PROBLEM TO WORK ON:
Word for word, restate the lines from the one containing "Musings of a" through the last line of the material, and include no pictures.

Top of RECORDED DATA

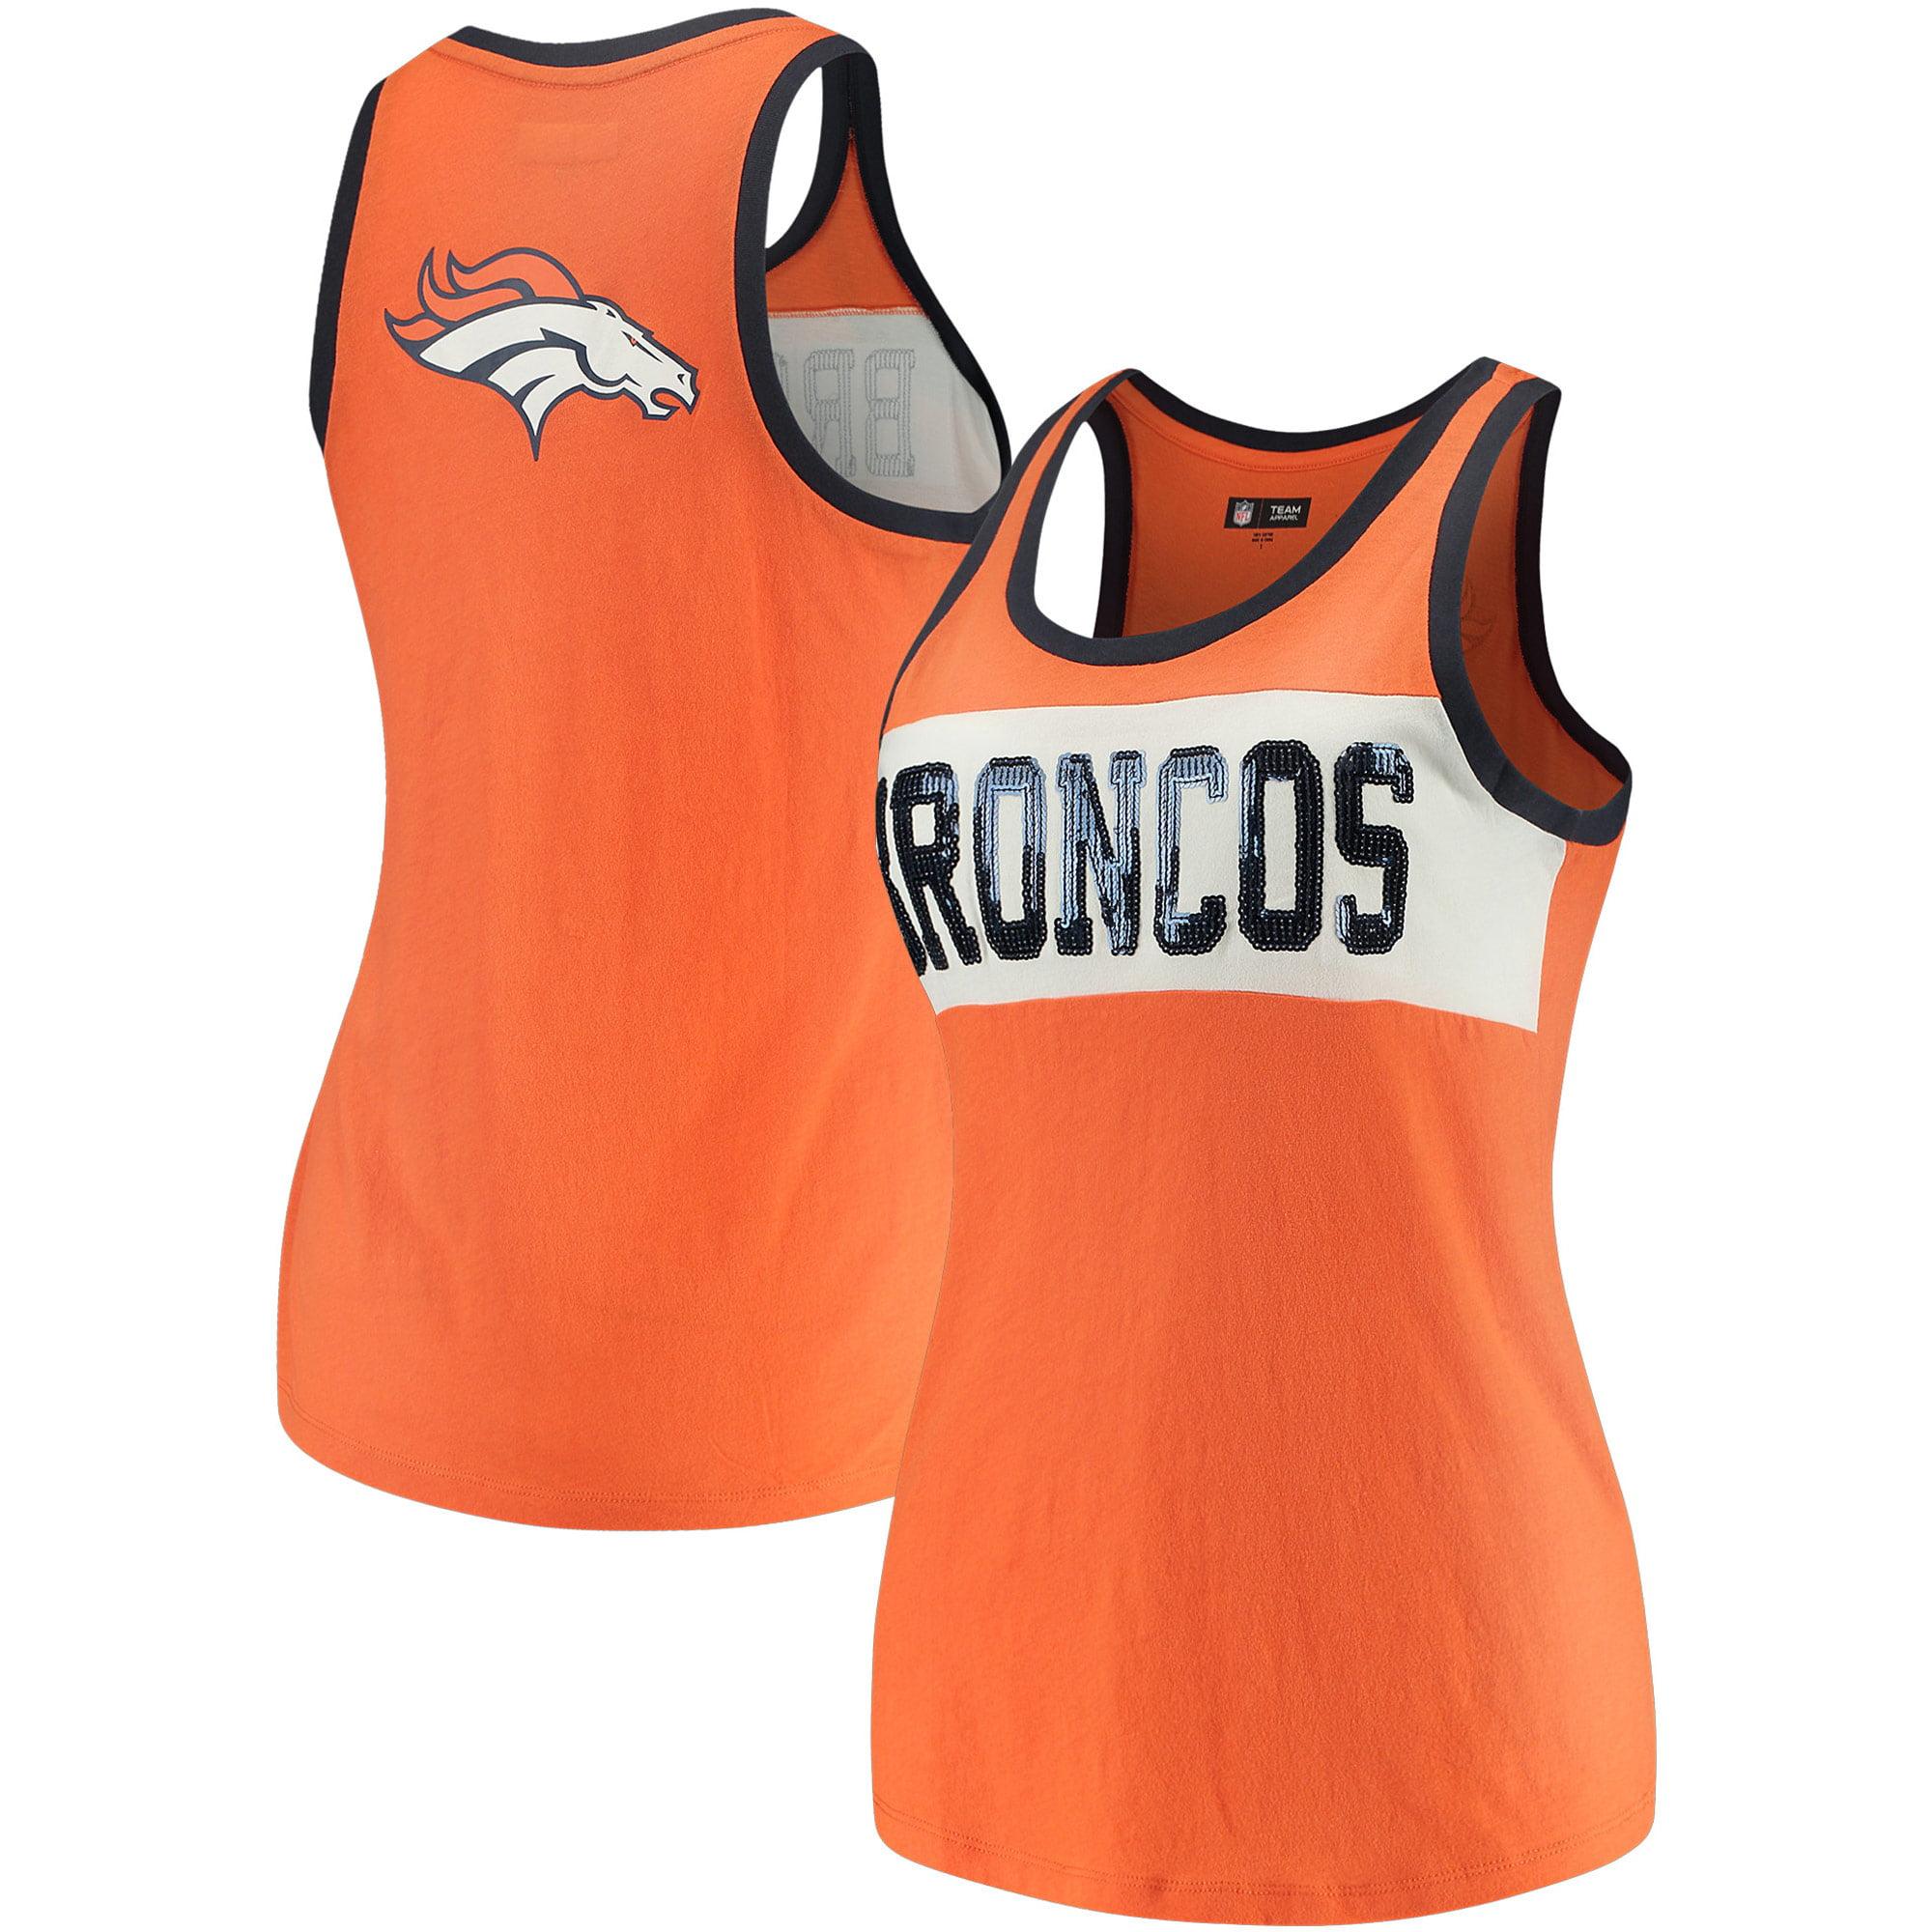 Denver Broncos 5th & Ocean by New Era Women's Sequin Baby Jersey Tank Top - Orange/White
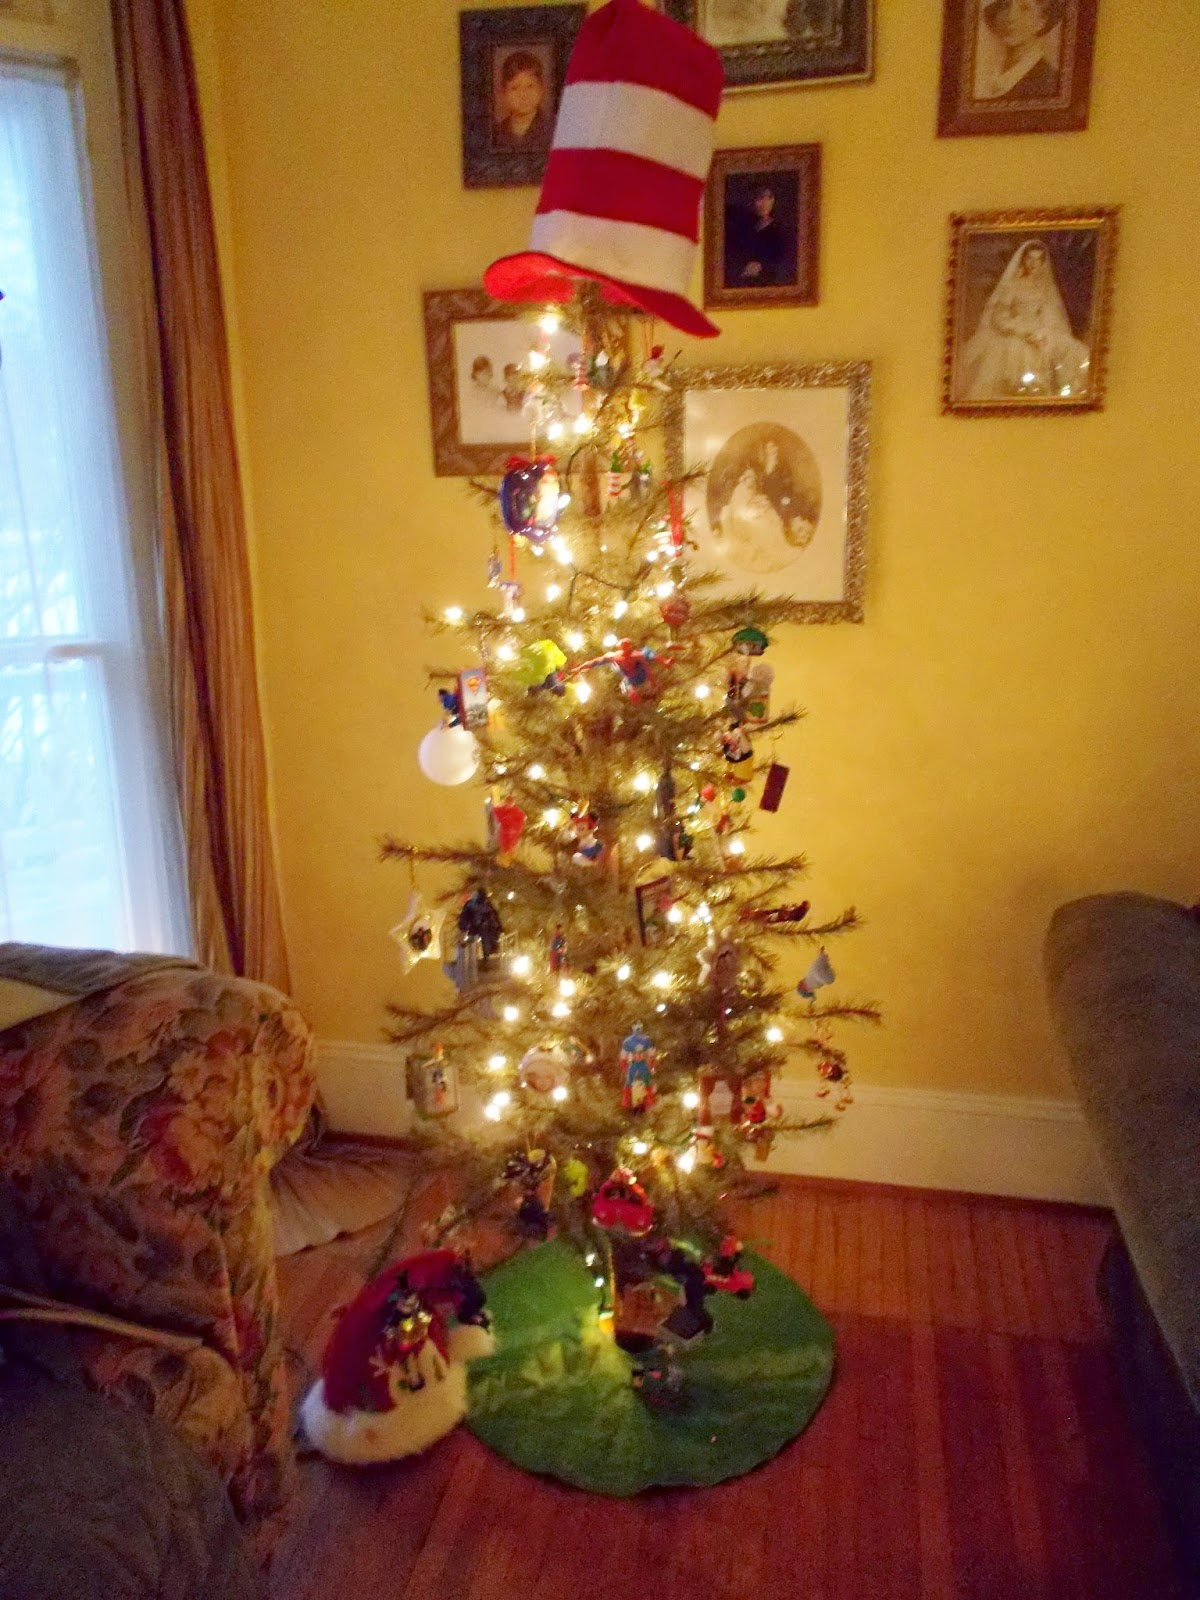 Musings of a Vintage Junkie: O Christmas Tree, O Christmas Tree...
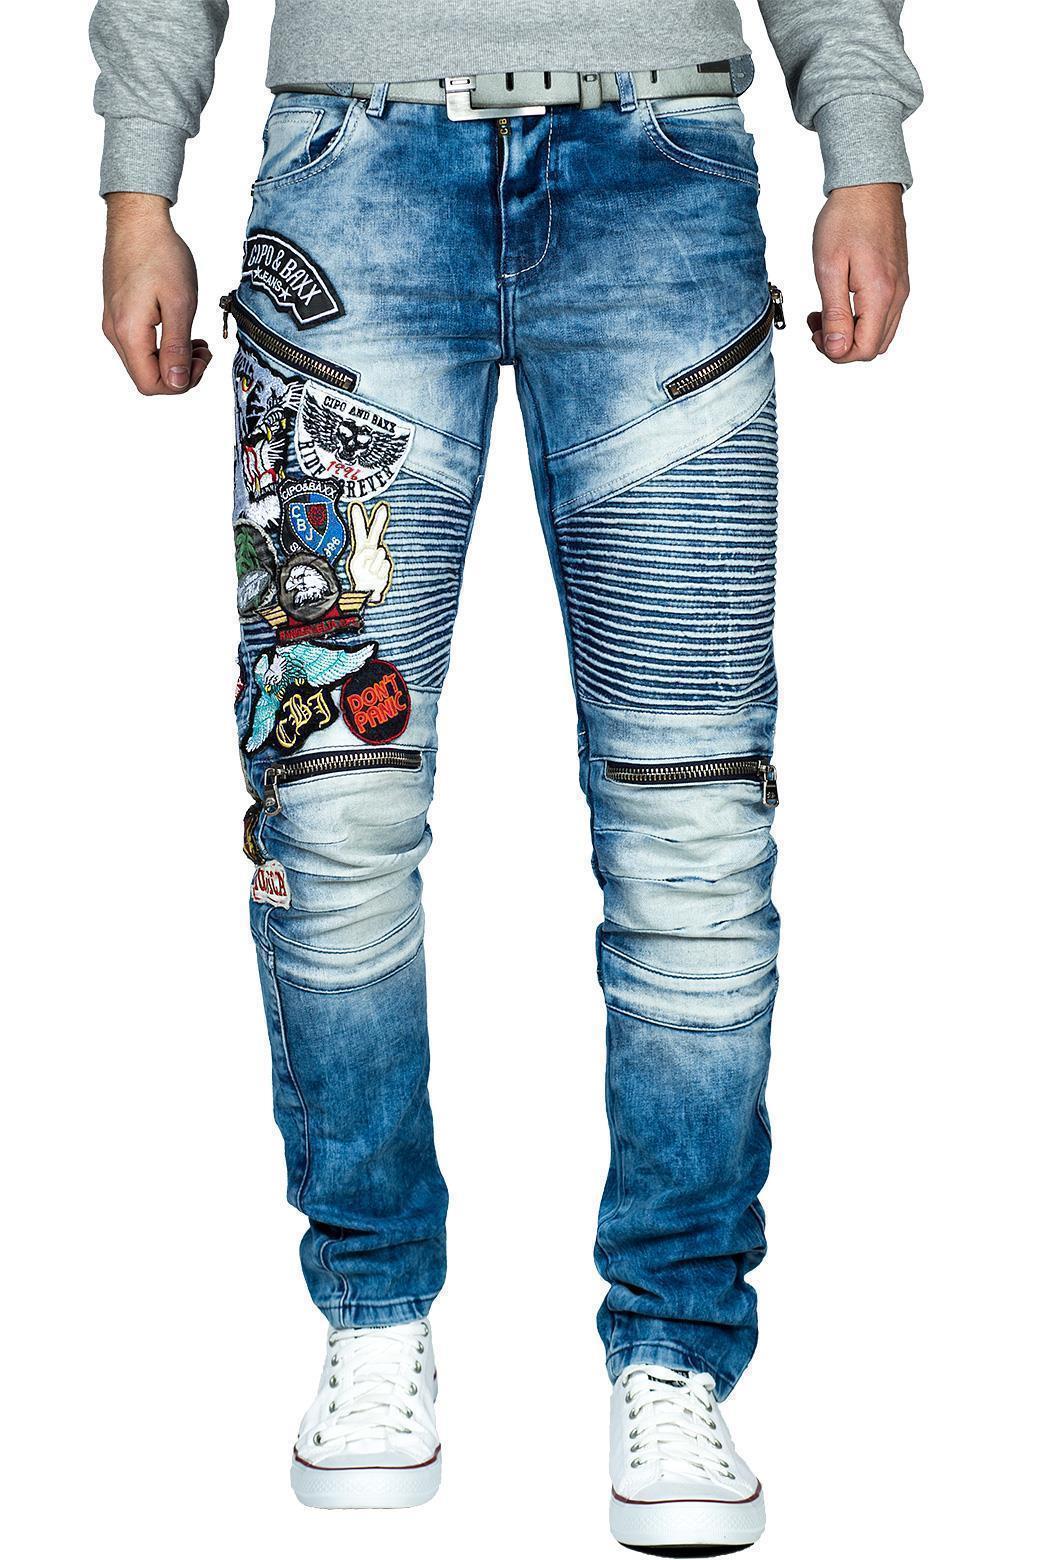 Cipo-amp-Baxx-Uomo-Jeans-Pantaloni-ricamate-Biker-Style-streetwear-nervature-pattern-Dope miniatura 34
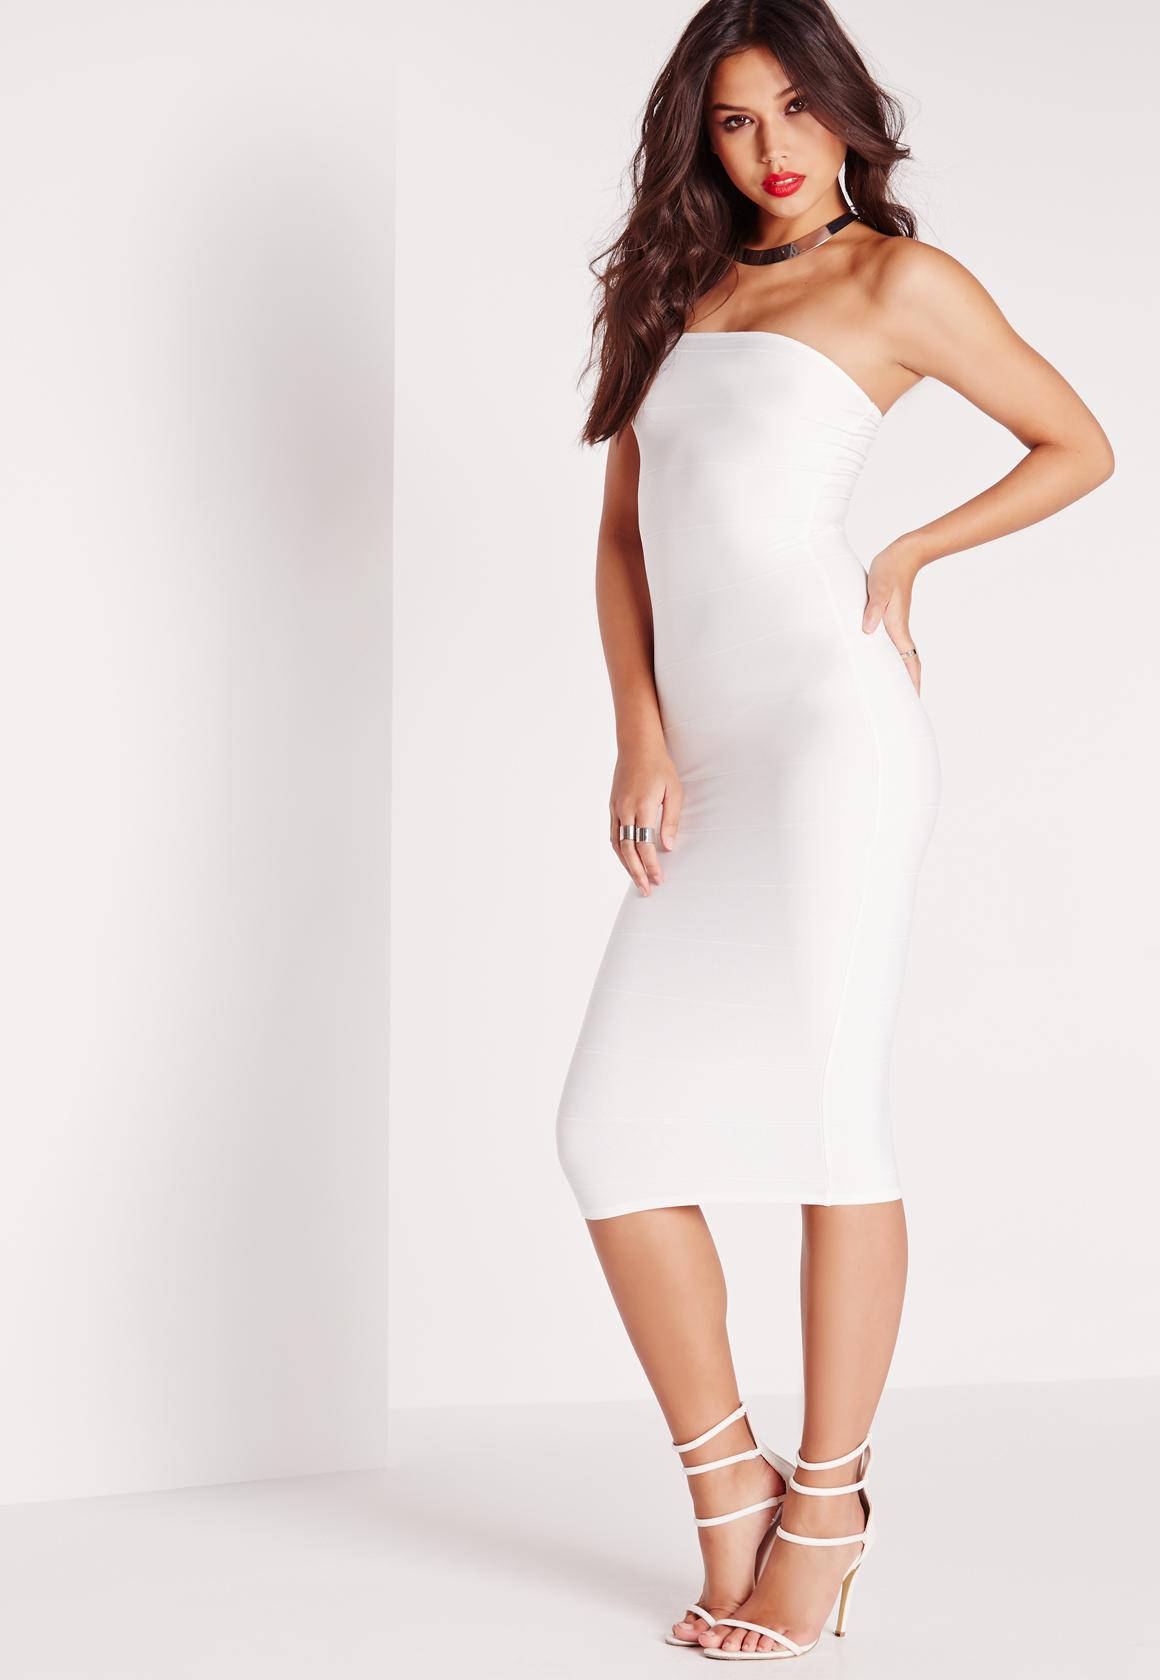 Missguided Strapless Bandage Bodycon Midi Dress White in White | Lyst

Bottom of RECORDED DATA

OUTPUT FOR THIS TASK:
 Musings of a Vintage Junkie: O Christmas Tree, O Christmas Tree...
 Cipo-amp-Baxx-Uomo-Jeans-Pantaloni-ricamate-Biker-Style-streetwear-nervature-pattern-Dope miniatura 34
 Missguided Strapless Bandage Bodycon Midi Dress White in White | Lyst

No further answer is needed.